# Using ODC-STAC with Sentinel-2

This notebook explores Sentinel-2 data on Earth Search, demonstrating how [odc-stac](https://odc-stac.readthedocs.io/) can be used to do processing at scale.

 - [Earth Search](https://element84.com/earth-search), a catalog of public data
 - [pystac-client](https://pystac-client.readthedocs.io/), for searching and access data
 - [OpenDataCube](https://www.opendatacube.org/) and [odc-stac](https://odc-stac.readthedocs.io/) for loading STAC assets and representing geospatial data as XArrays
 - [XArray](http://xarray.pydata.org/en/stable/), [pandas](https://pandas.pydata.org/) and [geopandas](https://geopandas.org/) for manipulating data
 - [Dask](https://dask.org/) for performing parallel, distributed computing
 - [Folium](https://python-visualization.github.io/folium/index.html) and [hvplot](https://hvplot.holoviz.org/) for visualization

Shown will be how find data for an area of interest, explore the resulting metadata, perform calculations like NDVI, and visualize the results.

# Choose Area of Interest

In [None]:
# AOIs available

from glob import glob
from pprint import pprint

pprint(glob("../aois/*"))

In [None]:
# read the GeoJSON file and create a map

import json
from pathlib import Path

aoi_fname = "../aois/bear-fire.geojson"

aoi = json.loads(Path(aoi_fname).read_text())

# use folium to display vectors
# Several folium basemap tiles are available:
#   - OpenStreetMap
#   - Stamen Terrain
#   - Stamen Toner
#   - Stamen Watercolor
#   - CartoDB positron
#   - CartoDB dark_matter

import folium

map = folium.Map(tiles='OpenStreetMap')

# add vector to map, as transparent polygon
folium.GeoJson(aoi, style_function = lambda x: {'fillColor': '#00000000'}).add_to(map)
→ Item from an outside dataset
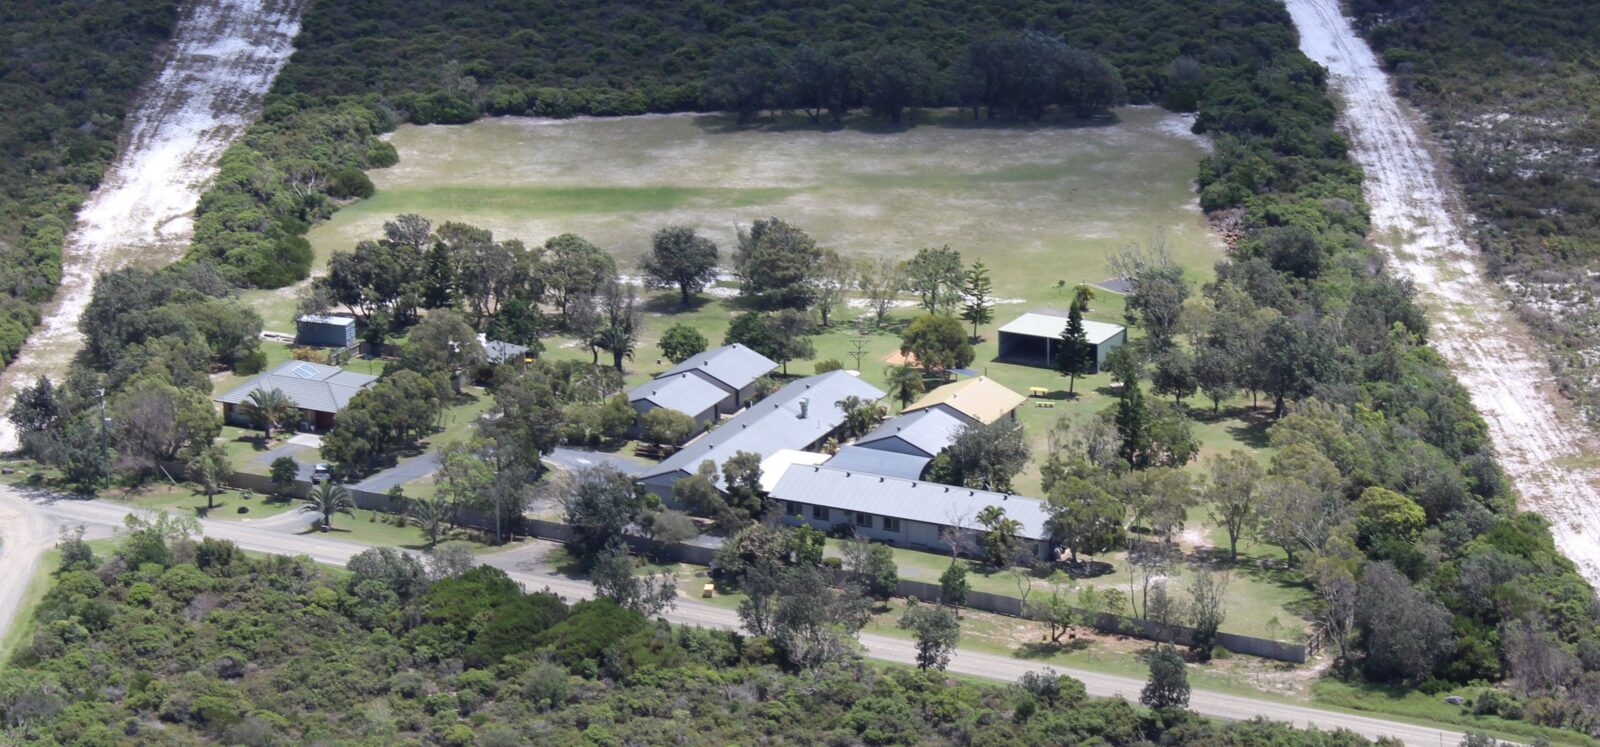 Aerial view of Camp Drewe

# fit the map to the bounds of the data
lons = [x[0] for x in aoi["geometry"]["coordinates"][0]]
lats = [x[1] for x in aoi["geometry"]["coordinates"][0]]
map.fit_bounds([(min(lats), min(lons)), (max(lats), max(lons))])

map

# Search the API

In [None]:
# Use pystac-client to find data in the STAC API.

from pystac_client import Client
api = Client.open("https://earth-search.aws.element84.com/v1/")

col = 'sentinel-2-l2a'
collection = api.get_collection(col)
collection

In [None]:
# print the Collection
import pandas as pd

pd.DataFrame.from_dict(collection.to_dict()['item_assets'], orient='index')

In [None]:
%%time

# search the API

query = api.search(
    collections=[collection.id],
    intersects=aoi['geometry'],
    datetime="2019-10-01/2021-10-01",
    limit=100,
    query = [
        "eo:cloud_cover<10"
    ]
)
item_collection = query.item_collection()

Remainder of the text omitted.